On 07/07/2015 03:33 PM, Larry Doolittle wrote:
> On Tue, Jul 07, 2015 at 03:12:52PM -0400, Dave McGuire (mcguire AT neurotica DOT com) [via geda-user AT delorie DOT com] wrote:
>>   All of that is purely subjective.  FOR ME, yes, C is nearly the
>> ultimate in fun.  My C code has far fewer bugs than my code in nearly
>> any other language, my code size (the binary...which is all that really
>> matters!) is a fraction of anything else, and "better"...well that just
>> spells "subjective" right there.
> 
> There's a lot to like about Python etc.  But C is an established
> ISO standard.  I have C code that I wrote 20 years ago that runs
> flawlessly.  Can't say that about Python.  The best you can do is
> claim that since Python is open-source and written in C, you can
> freeze an arbitrary Python version and run it forever.  But that
> is somewhat impractical, given the goals of grabbing python modules
> from wherever, and given the size of its code base.

  Absolutely.

> I'd like to see at least one of Python, Lua, Nim, Julia, ... reach
> the level of maturity and stability that we have in C today.  But
> that clearly won't happen quickly.  And it's hard to crystal-ball
> gaze and figure out which one deserves our brain cells today.
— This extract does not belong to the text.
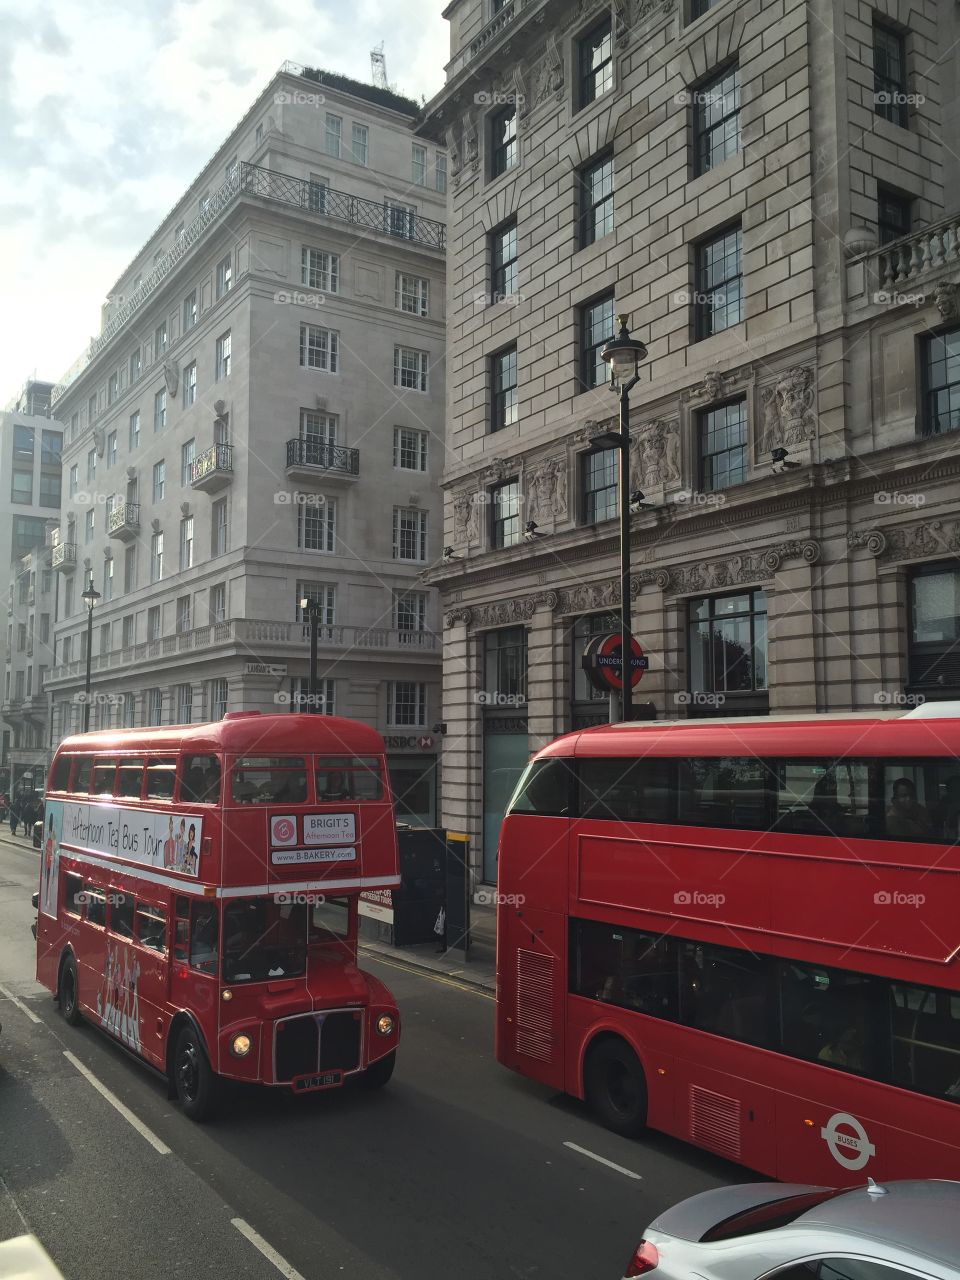 The hustle and bustle of London
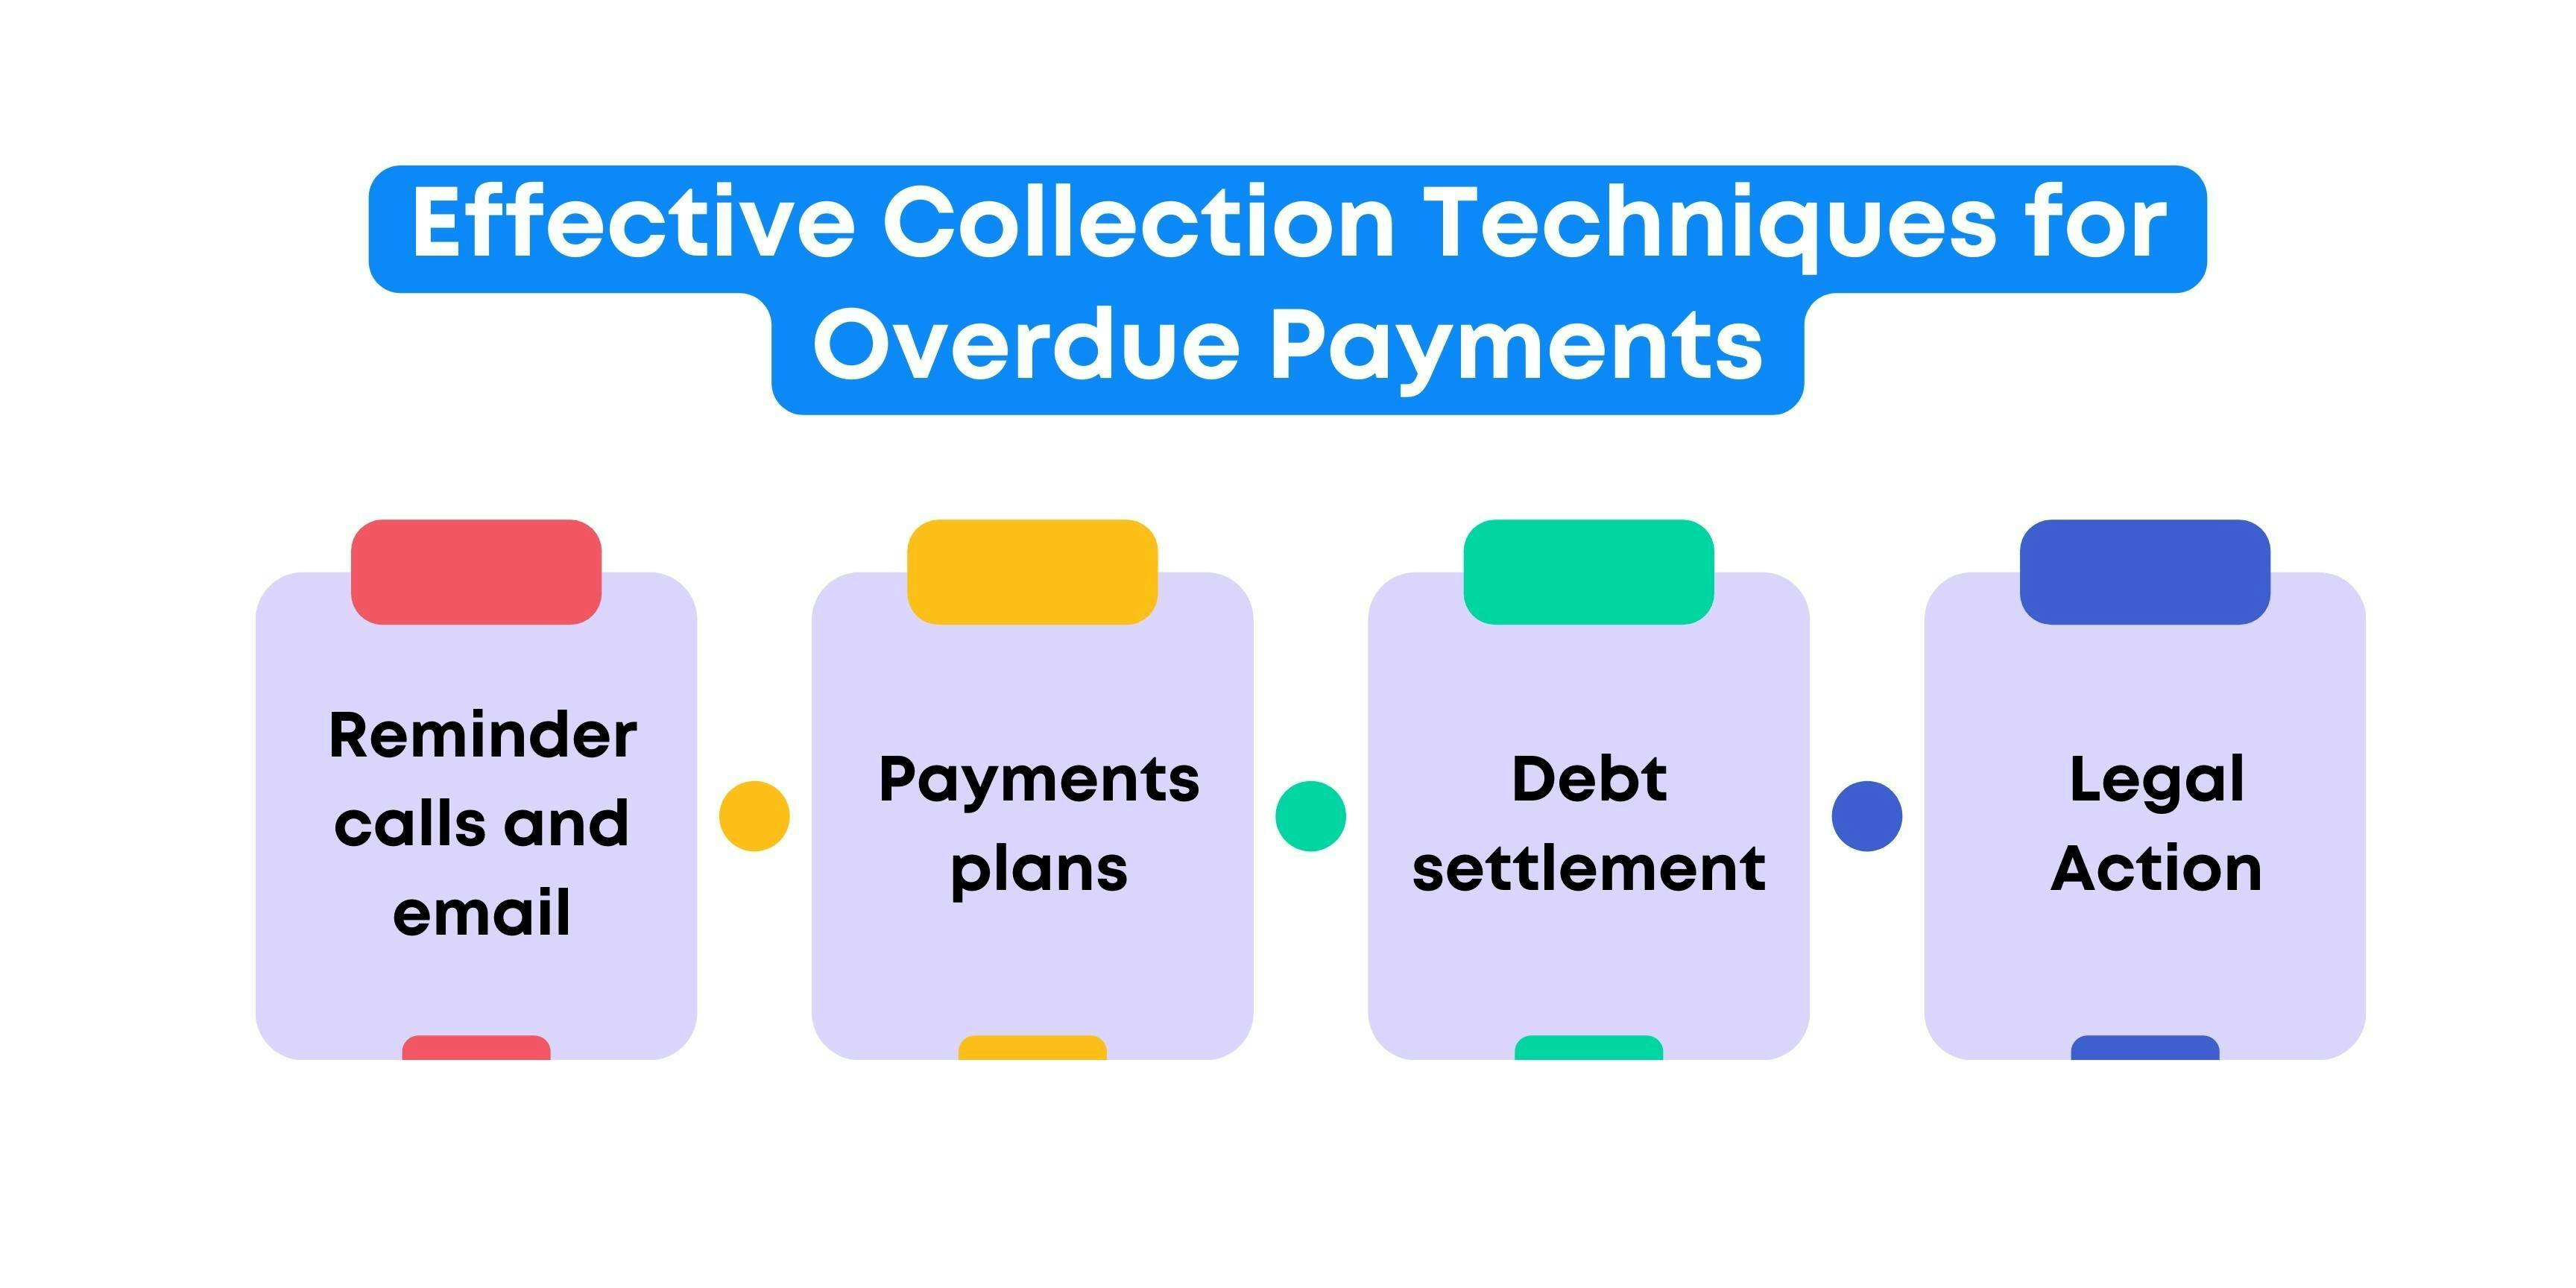 Effective Collection Techniques for Overdue Payments

  Too true.  It's always a gamble.  I believe the world truly needs a
language that's established and standardized to the level of C, but that
isn't the abortion that is C++ or the lumbering pig that is virtualized
Java, that compiles all the way to a native executable binary.

> For all the javascript bashing I heard here, I'd like to point out
> that it, too, shows up as an ISO/IEC standard.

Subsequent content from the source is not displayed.